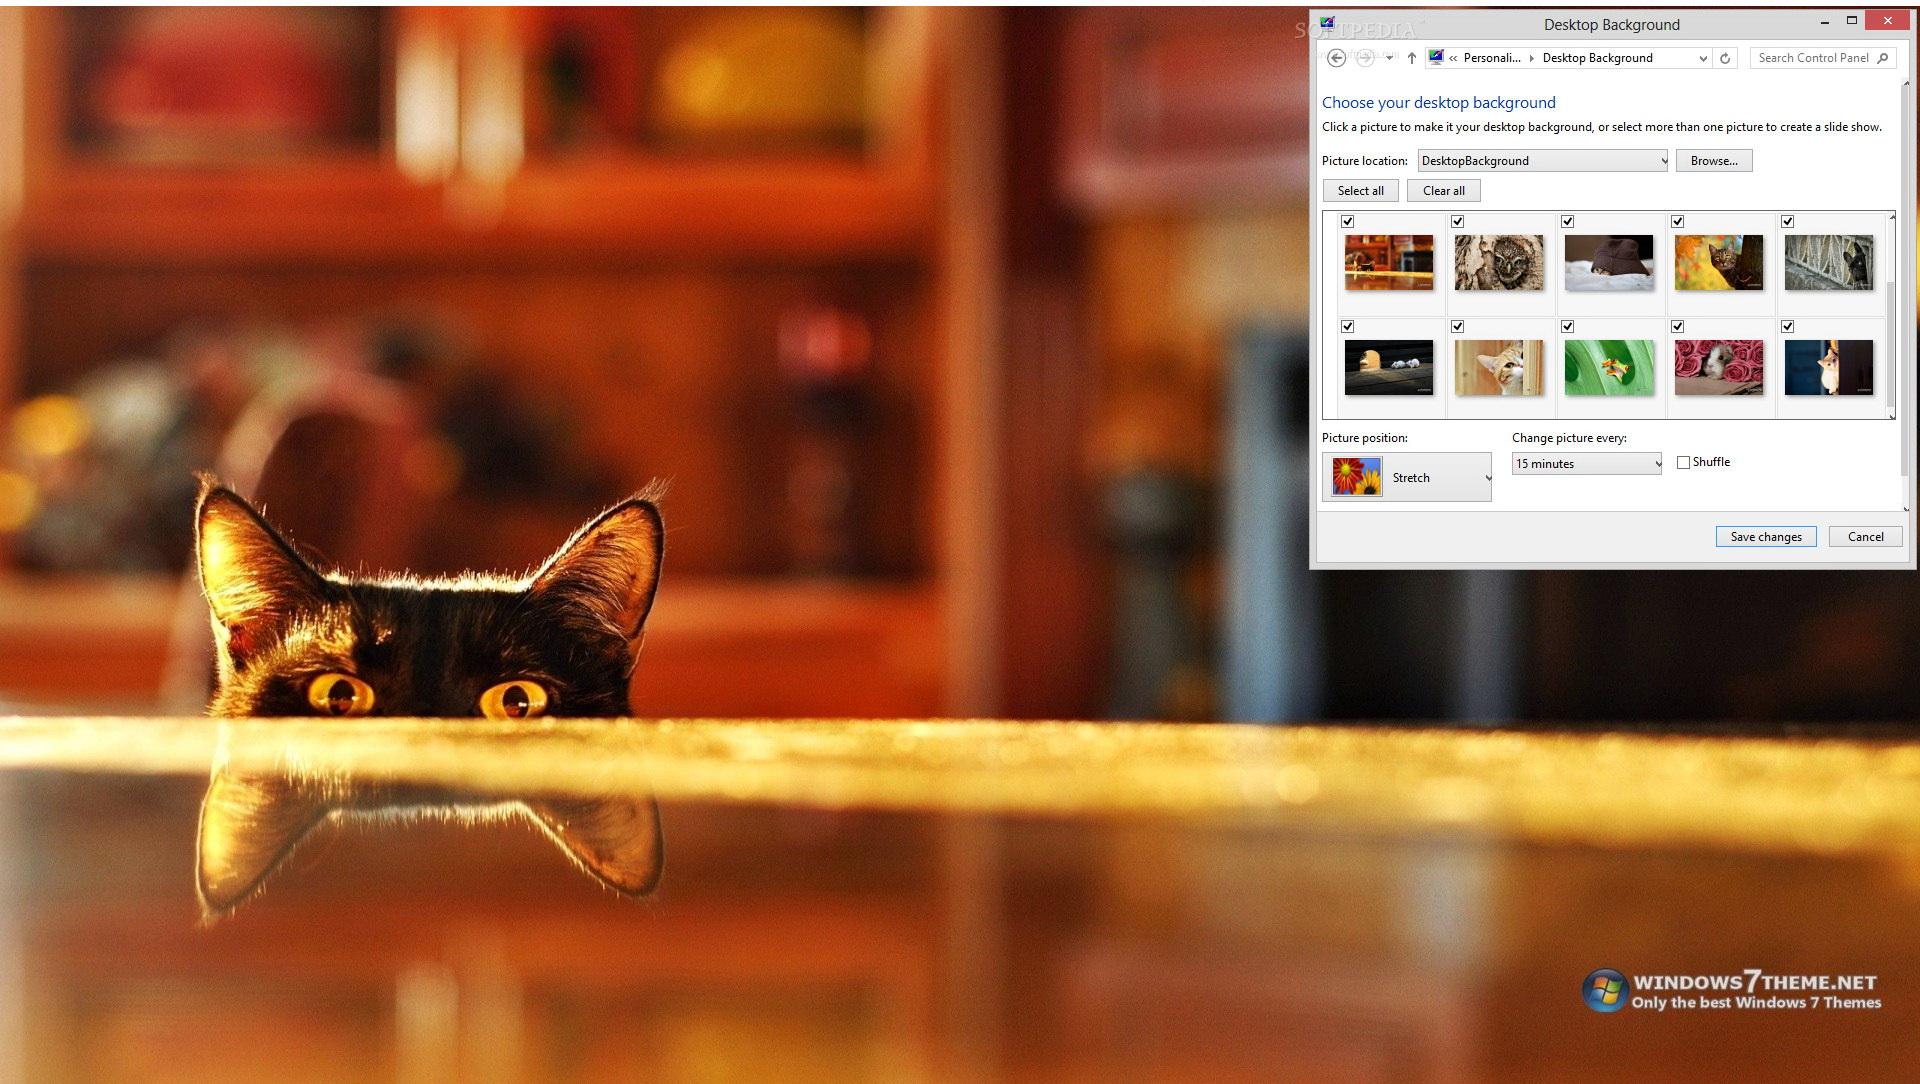 Peeping Animals Windows 7 Theme
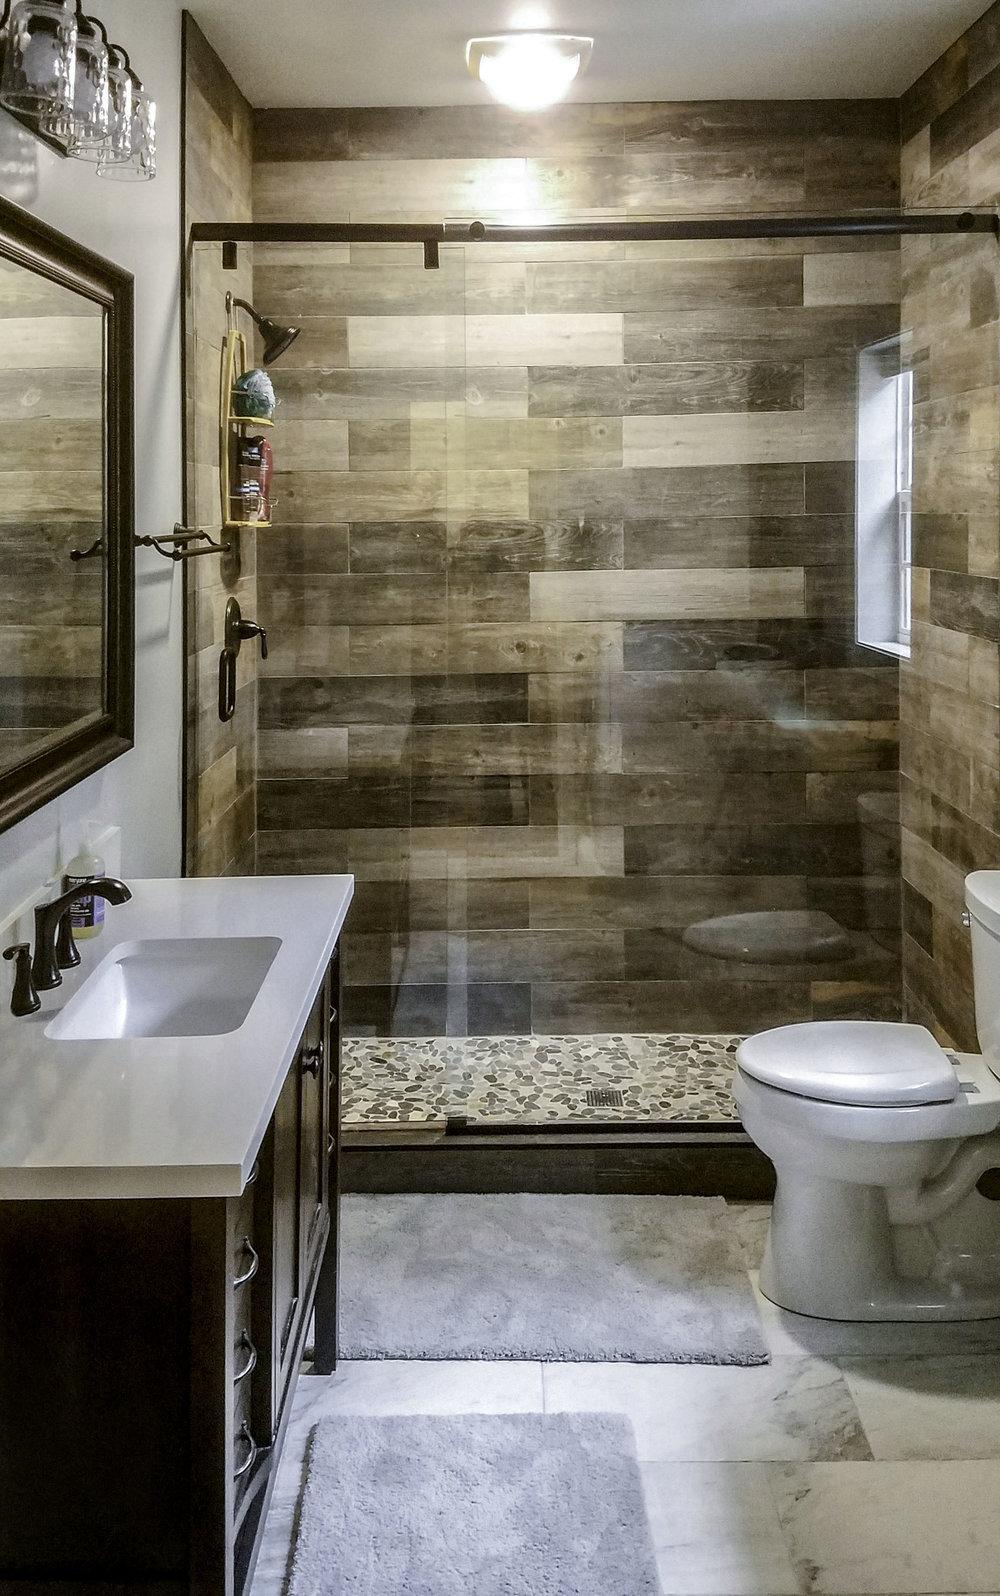 r2sr bathroom11edit final.jpg
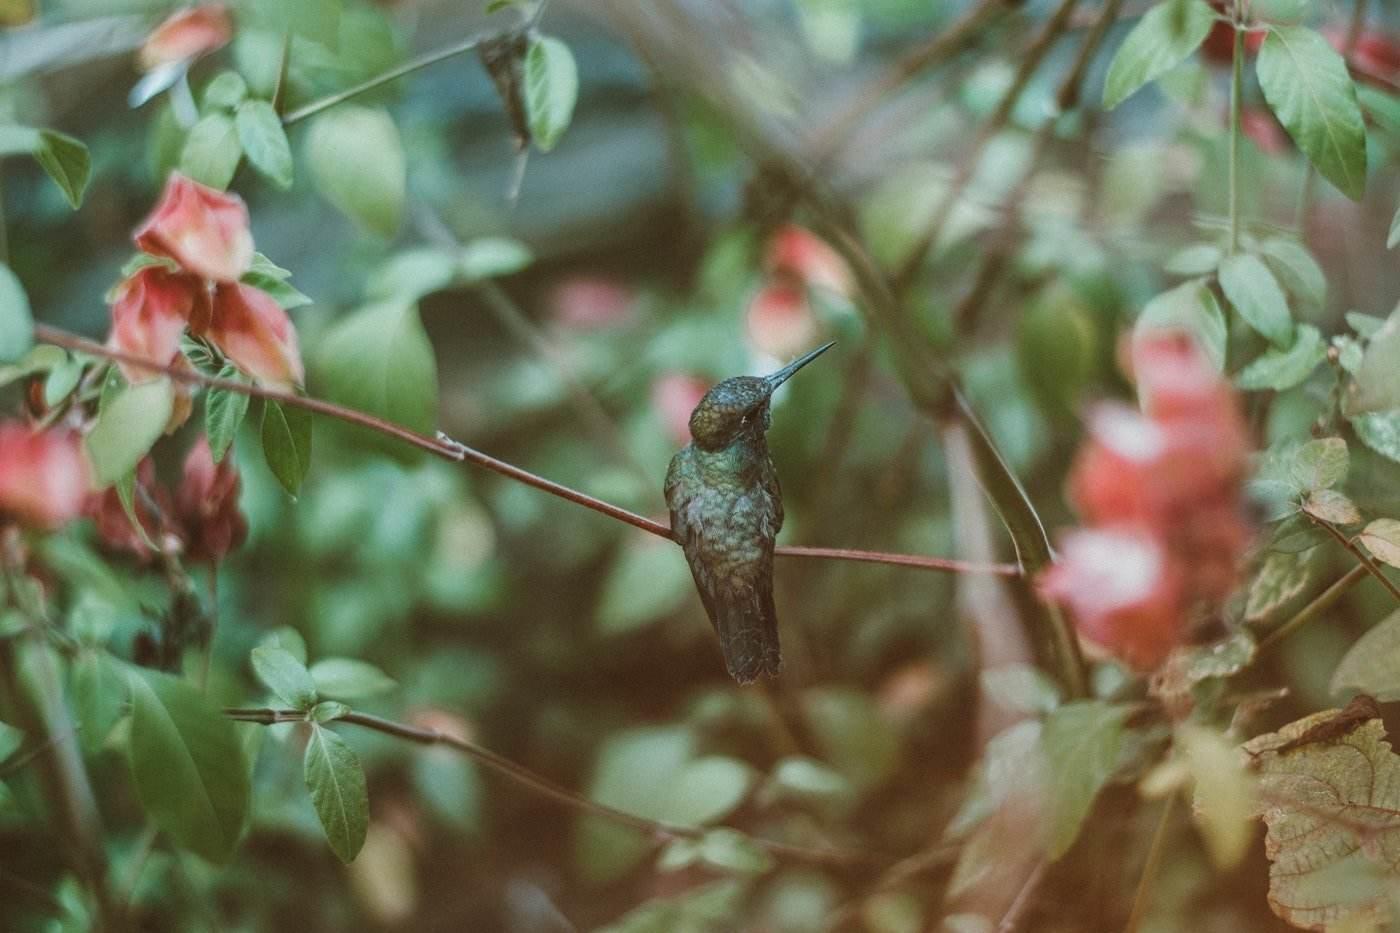 hummingbird in tree - how to attract wildlife to your garden
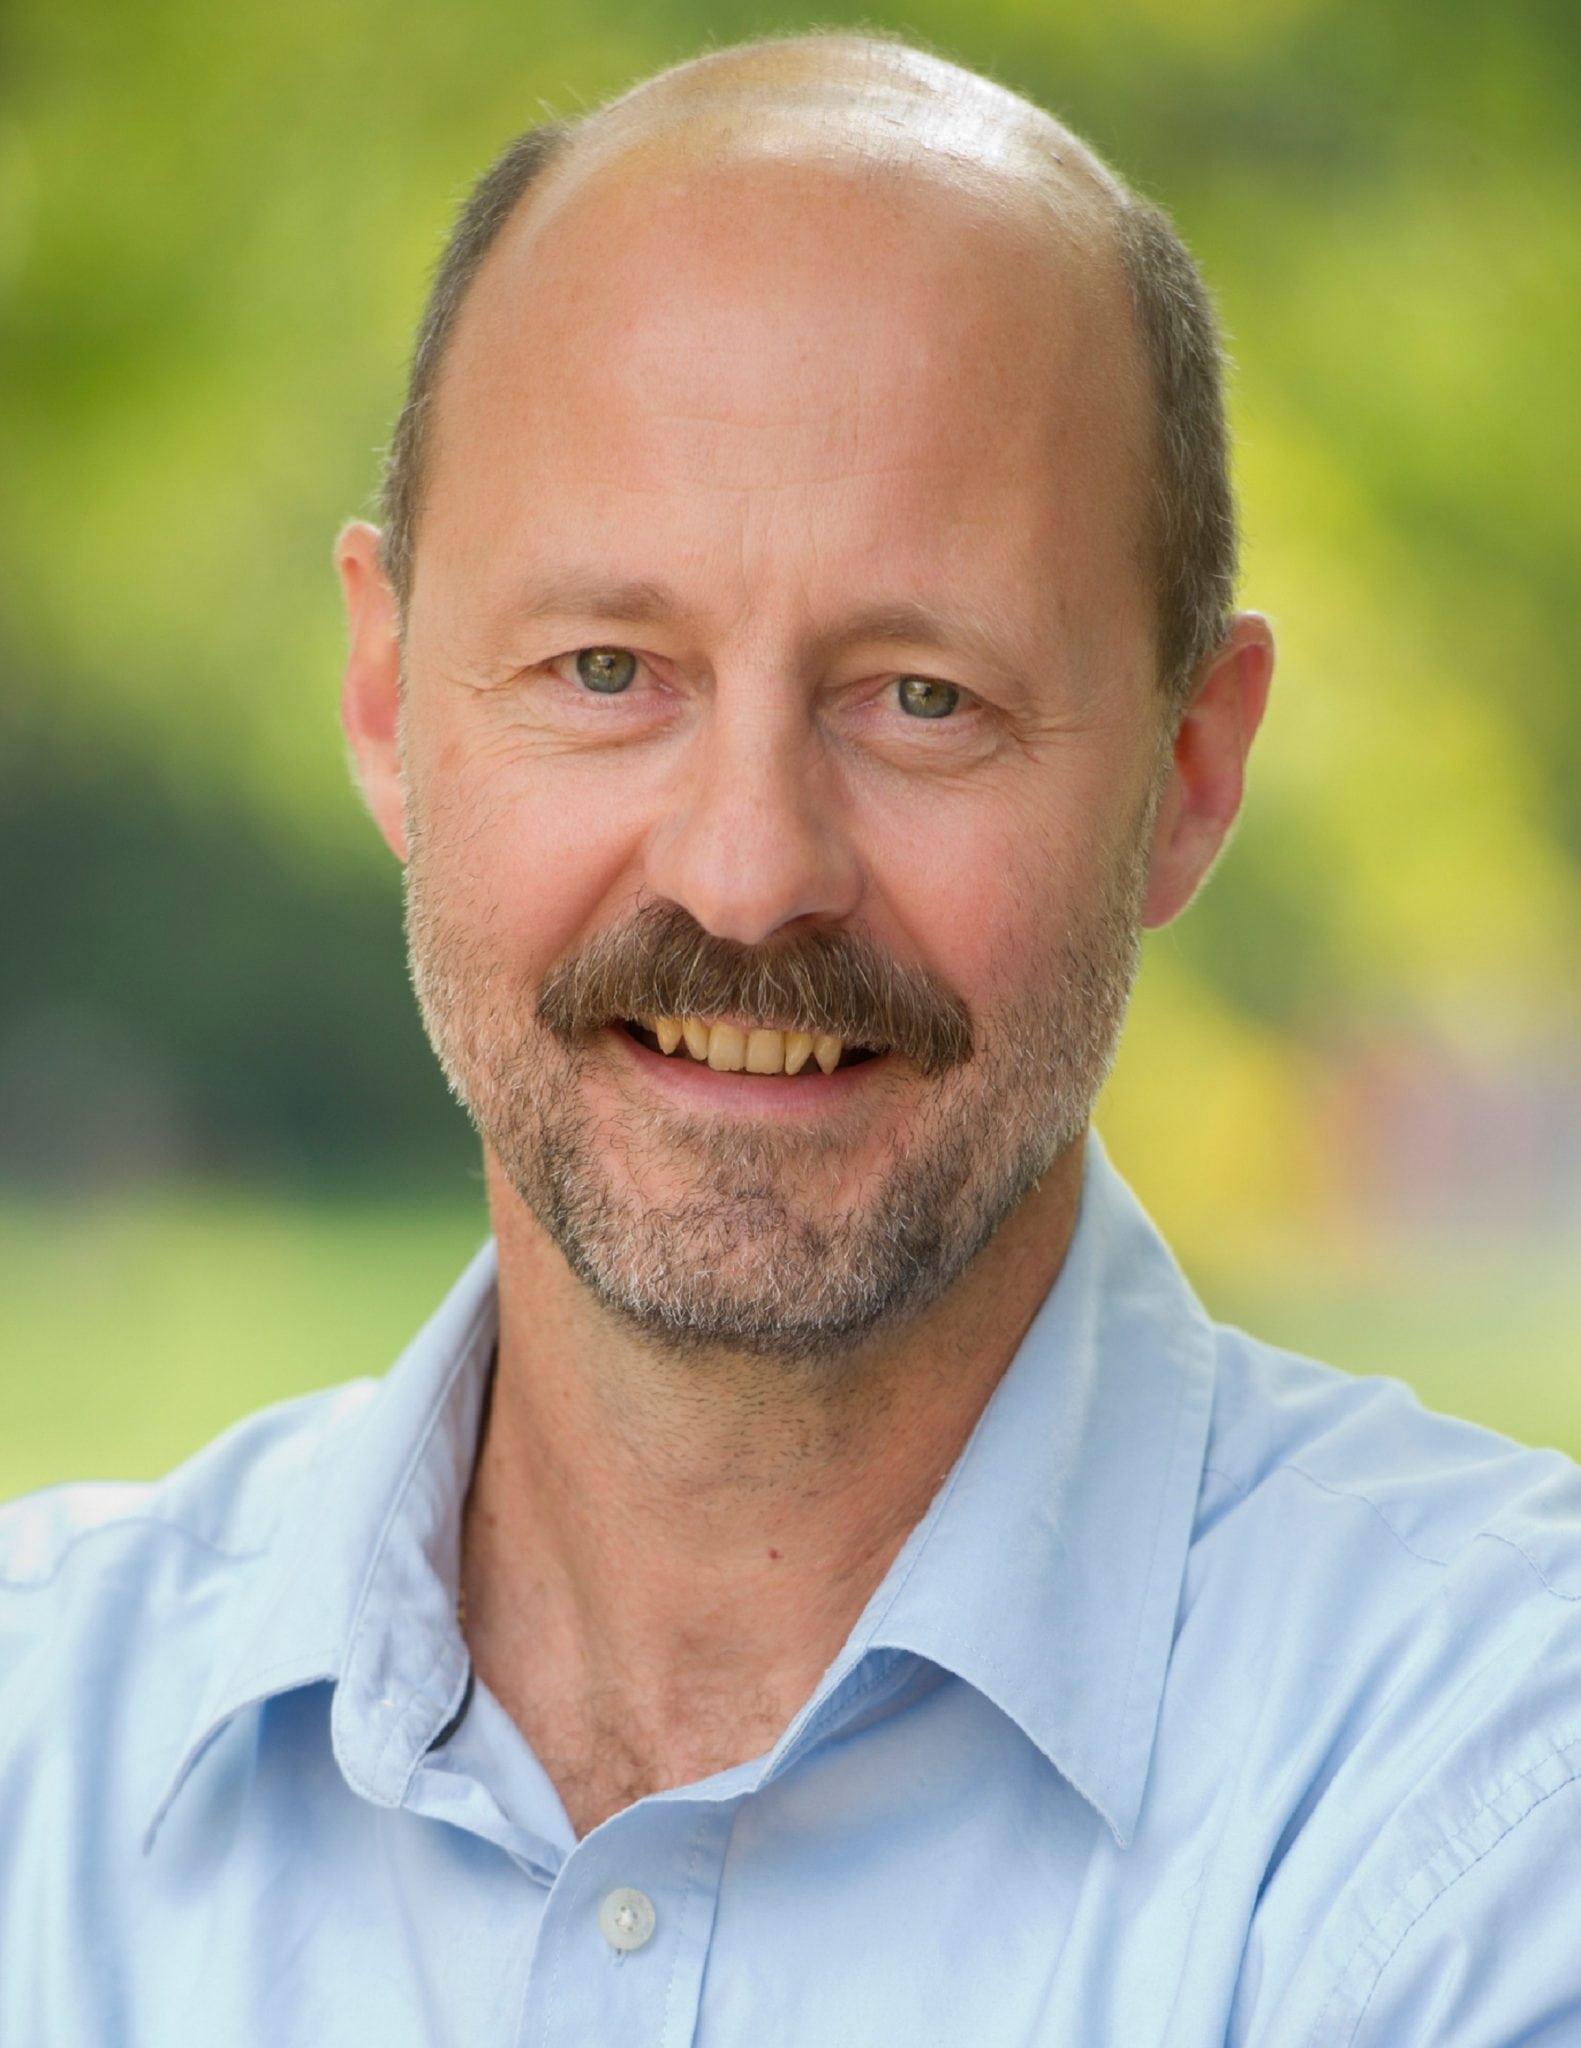 Photo of Prof. Flavio Schenkel smiling at the camera

● ● ● ● ●

• **WHAT IS EXPECTED**
Begin with the line that contains "r2sr bathroom11edit final.jpg" and copy every line through the end of the listing, exactly as written, both ends included. Pictures are not part of the copy.

• **ANSWER TO THE EXERCISE**
 r2sr bathroom11edit final.jpg
 hummingbird in tree - how to attract wildlife to your garden
 Photo of Prof. Flavio Schenkel smiling at the camera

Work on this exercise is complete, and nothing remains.